Masraf demişken… O günlerde anlamamış olsam da. Sonradan düşününce farkedebildim ki. Aslında. Ev de çok zor dönüyordu. Dedem. Gerçekten “karadenizde gemileri batmış”. Kafkas kökenli. İflas etmiş bir eski tacir. Ve o yaşında. Çemberlitaş’ta bir manav işletiyor. O benim “elmacı dedem”. Anneannem. Rodos kökenli. Eski bir tacir kızı… Ev hanımı. Kadırgada. Muhtemelen babadan kalmış. Cumbalı. Bir kaç katlı. İçten merdivenli. Ahşap. Eski bir istanbul evinde oturuyorlar. Tabii ki elektrik vardı. Ama beni ilgimi çeken. Sıkça kullanılan gaz lambasıydı. Soba ile ısınılırdı. Ama benim aklımda kalan. Etrafına dizildiğimiz. Ortadaki o büyük mangaldı. Karpuzların. Bahçedeki kuyuya sallandırıldığını hatırlarım. Soğuk olsunlar, bozulmasınlar diye. Evet. Buzdolabı yoktu. Tel dolap vardı.. Bu ev kolay dönmüyordu! Ama. Ne zaman o eve gitsem. Kendimi. Bir sıcak ortamda. Huzur içinde. Mutlu hissederdim …
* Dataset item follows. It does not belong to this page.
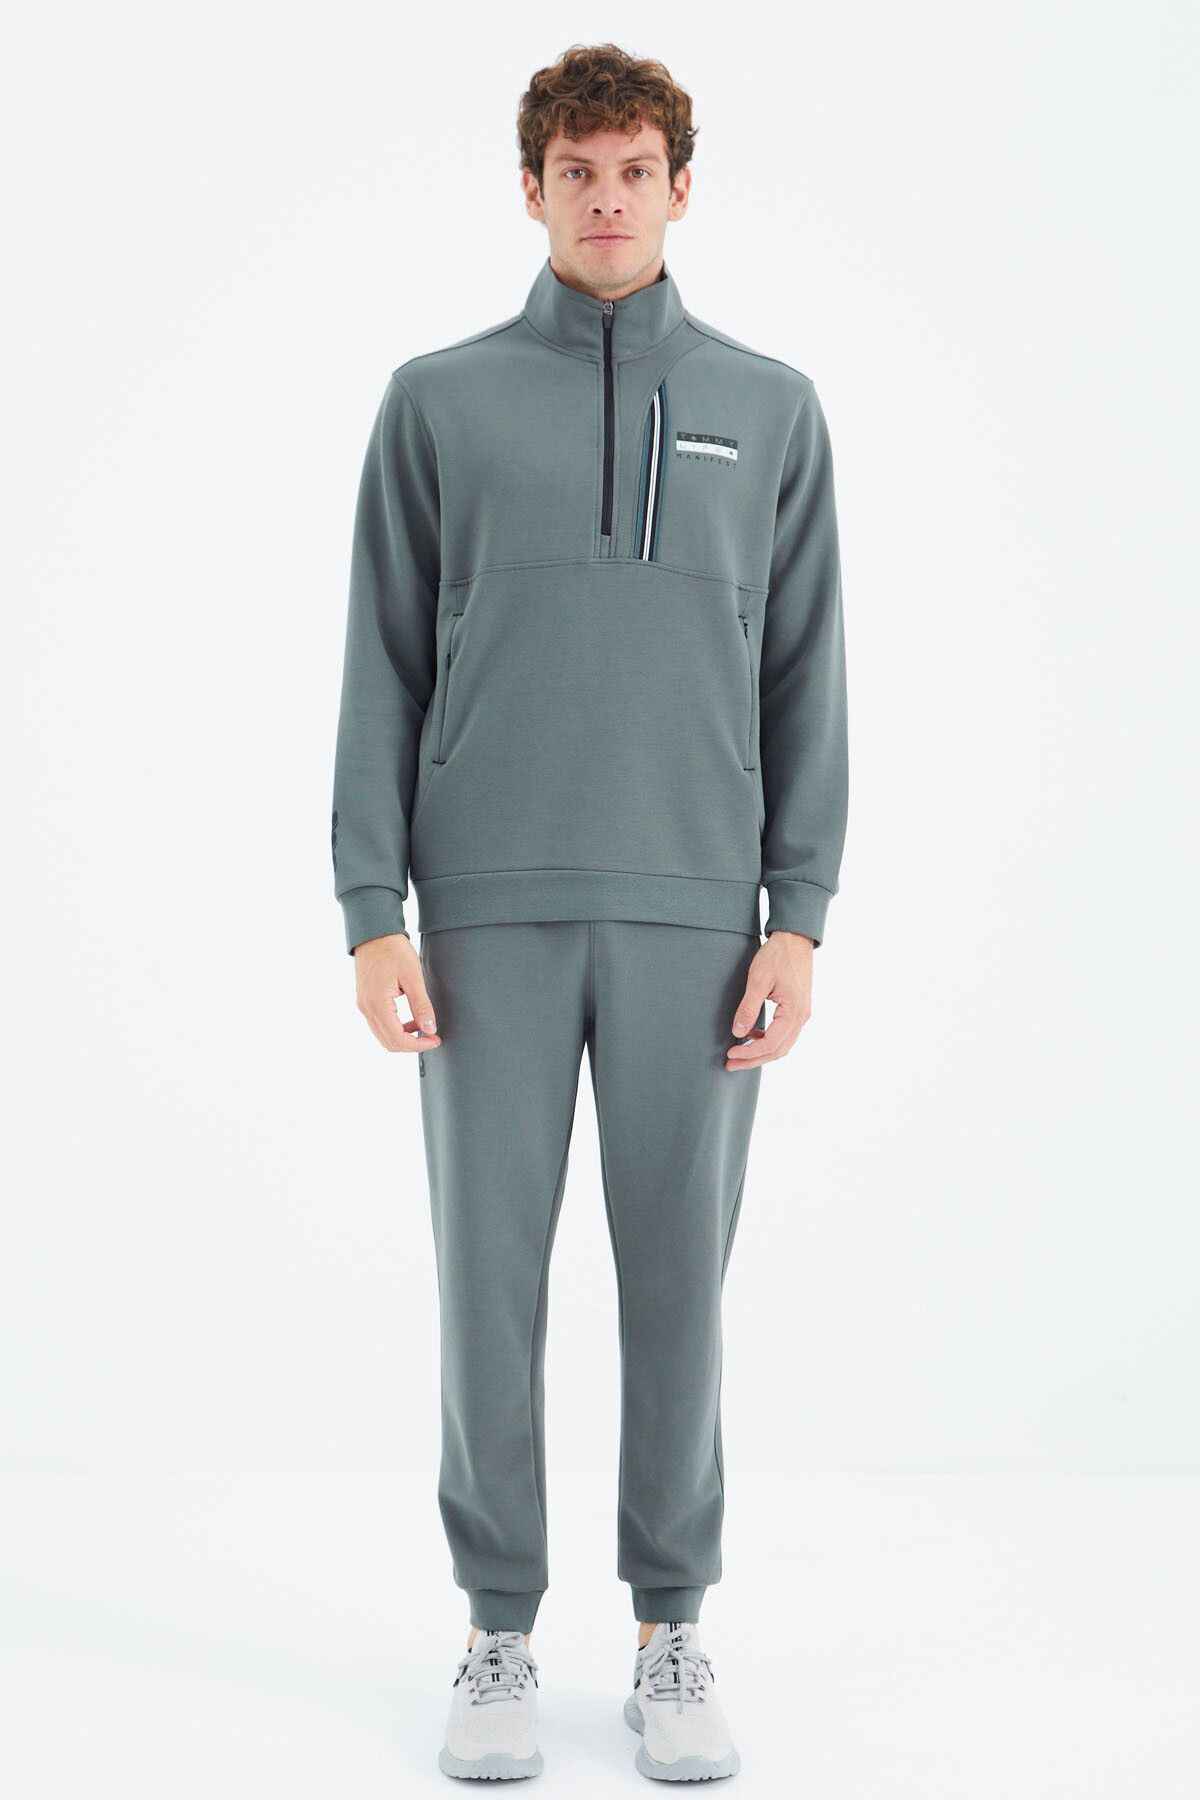 لباس ورزشی ملانژ خاکستری - جیب نیمه زیپ یقه ایستاده مشکی با جزئیات راحت و مناسب - 85221

Onun. Her yere yürüyerek gidip geldiğini bilirim. Taşıtlara binmezdi. Para harcamamak. Ve kitaplara para biriktirmek için. Ben de hatırlarım. Beş kuruşun. Yüz paranın değer taşıdığı dönemlerdi. Ama. Hayatı yaşayıp da. Bugünlere gelince. Sanıyorum ki. Yürümek. Onun gibi biri için. Aynı zamanda düşünmekti. O bir. “Yürüyen adam” dı. Nietzsche. Rousseau. Thoreau. Kant. Proust… Ve daha bir çoğuna kulak verirseniz. Yürümek. Bugün olduğu gibi bir spor değildir. Yürümek tüm bu düşünürler için. Sessizlik. Sonsuzluk. Özgürlük içinde. Bir enerjidir. Yalnızlık ve yavaşlıktan fışkıran. Bir Düşünme enerjisidir.. Yürürken aslında çalışırsınız. Rousseau, “Benim çalışma odam kırlardır” der. Henry David Thoreau, “Yaşamak için ayağa kalkmamışken, yazmak için oturmak nasıl da beyhudedir” diye sorgular. Ne zaman ki. Ben de. Yürümenin. Düşünerek çalışmak için. İyi bir yol olduğunu farkettim. İşte o an. Yıllar öncesindeki “Dayım”. Bir kez daha aklıma düştü.…
O gün. Bana şöyle demişti: “.. Sen şimdi fransızca öğrenmeye başlıyorsun. Sana ne öğretirlerse. Her hafta sonu geldiğinde. Sen de bana öğretirsin…” Yatağın üstüne kıvrılmış. Beline kadar bir yorgan örtülü. Yastığa kolunu dayayıp. Hafif doğrulmuş… Yüzü solgun. Genç. Ama yorgun… Tam ifade edemediğimi biliyorum. Ama. Hatıralarımda çizili olup. Bugüne kadar aklımda kalan. Son resim bu!. Solgun bir resim bu! Her zihnime düştüğünde. Her seferinde. Hep. Ve her zaman. Sararmış puslu. Yer yer silinmiş bir resim gibi. Hatırlarım bu anı…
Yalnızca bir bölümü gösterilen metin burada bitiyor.